## GIVEN DATA
______

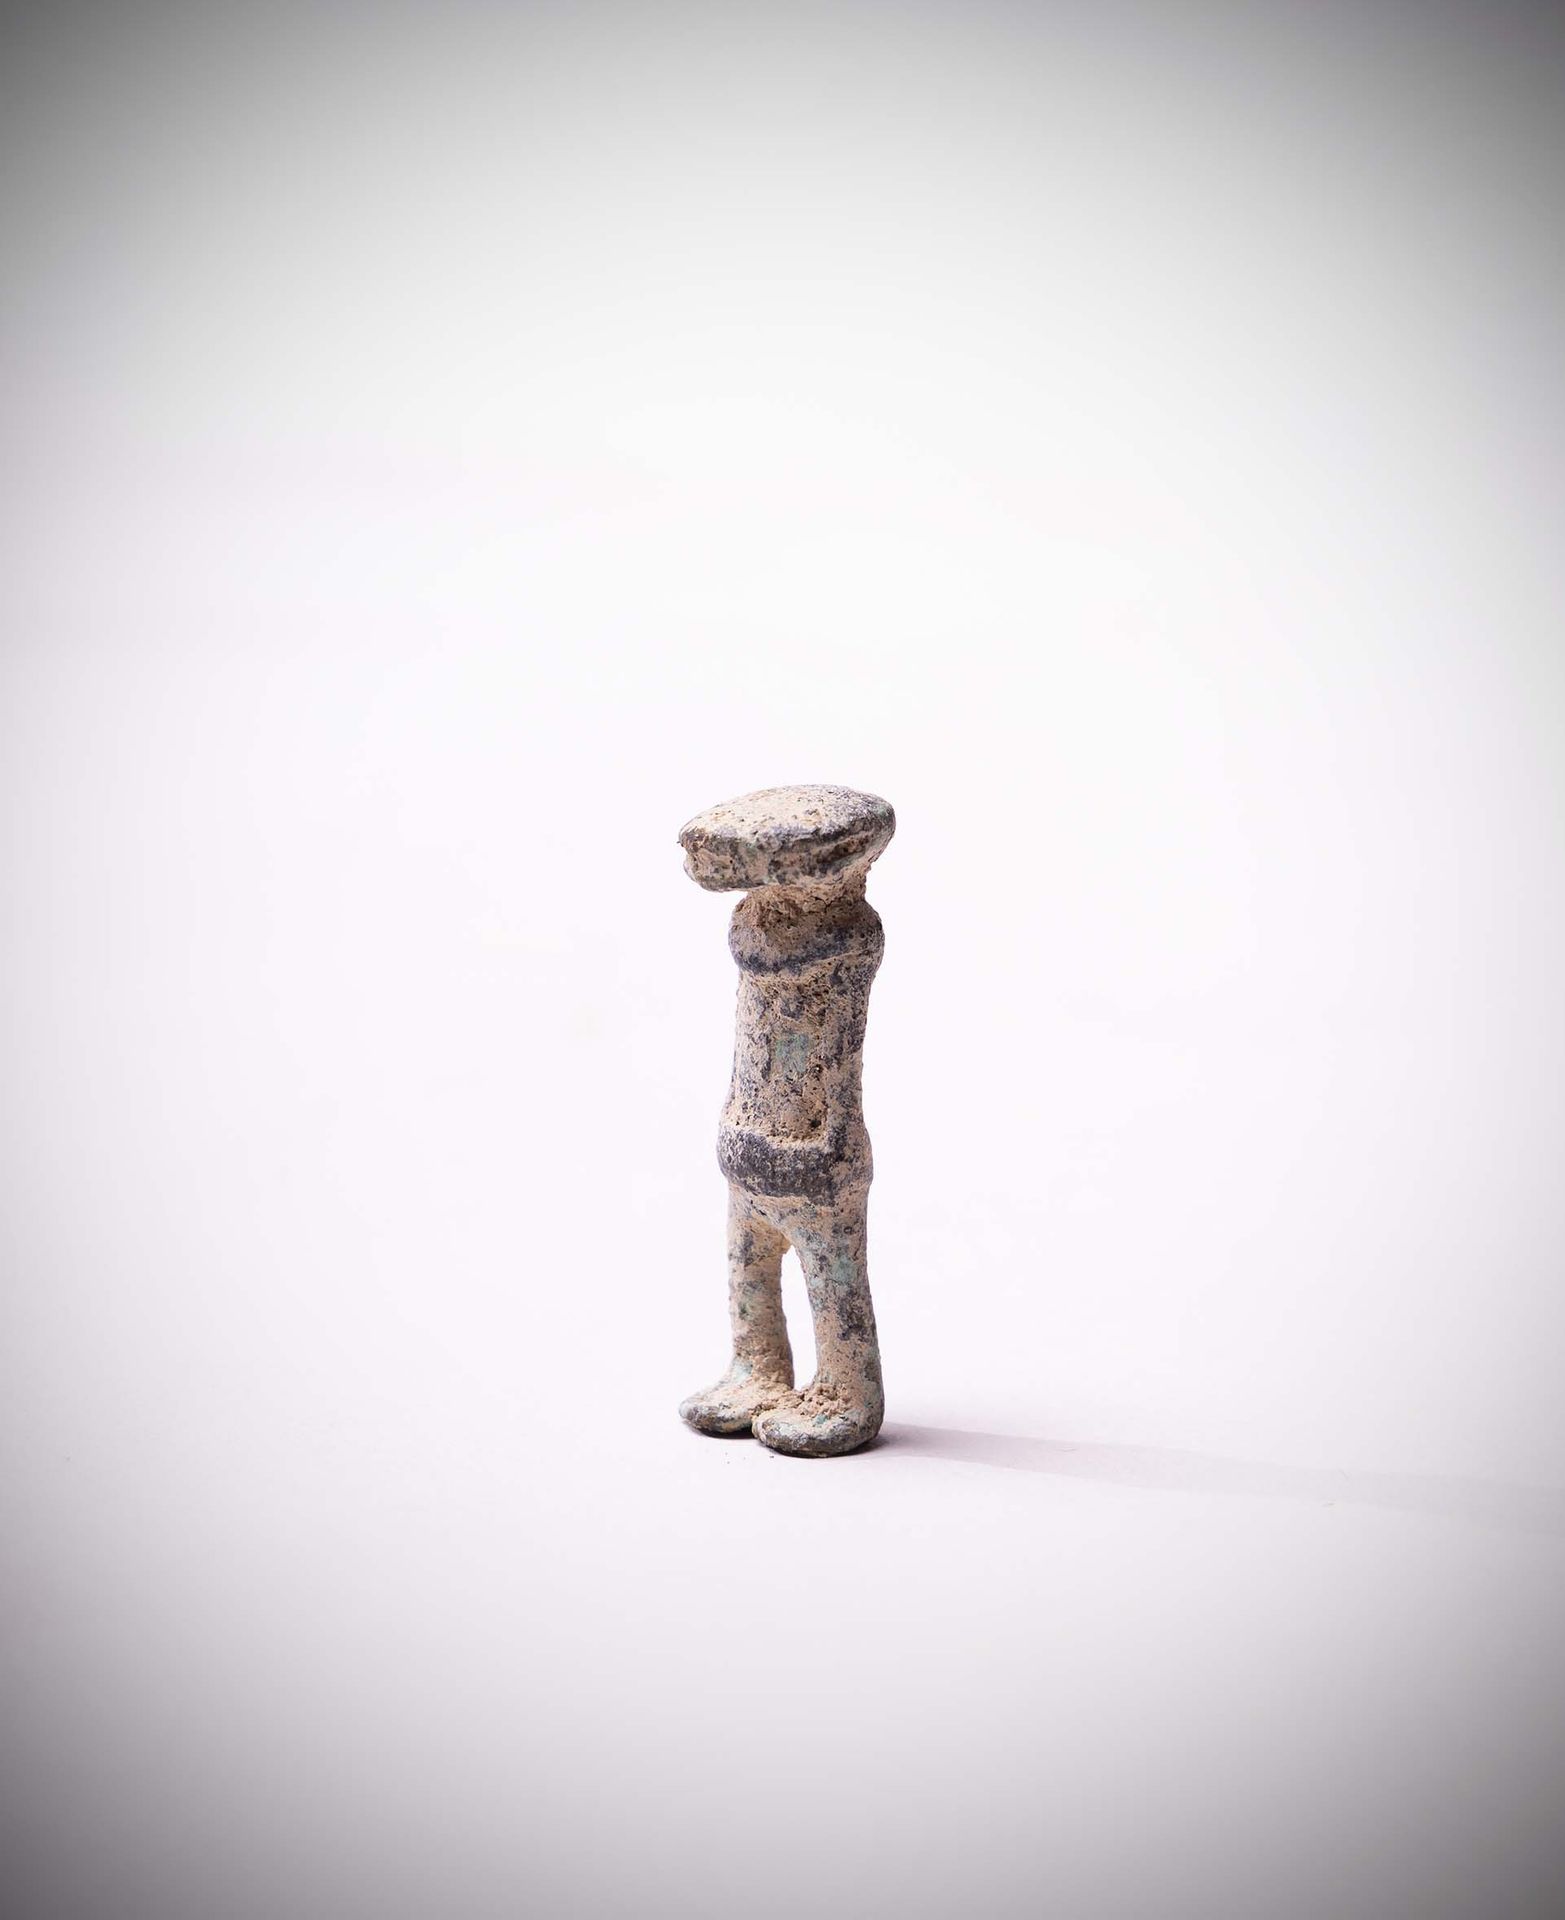 Null Sao

(Chad) Figura humana en bronce con pátina oxidada y terrosa.

Esta cul&hellip;

______

## REQUIRED ACTION
Drop every picture from the data, then output all the rest exactly.

## SOLUTION TO THIS EXERCISE
 Null Sao

(Chad) Figura humana en bronce con pátina oxidada y terrosa.

Esta cul&hellip;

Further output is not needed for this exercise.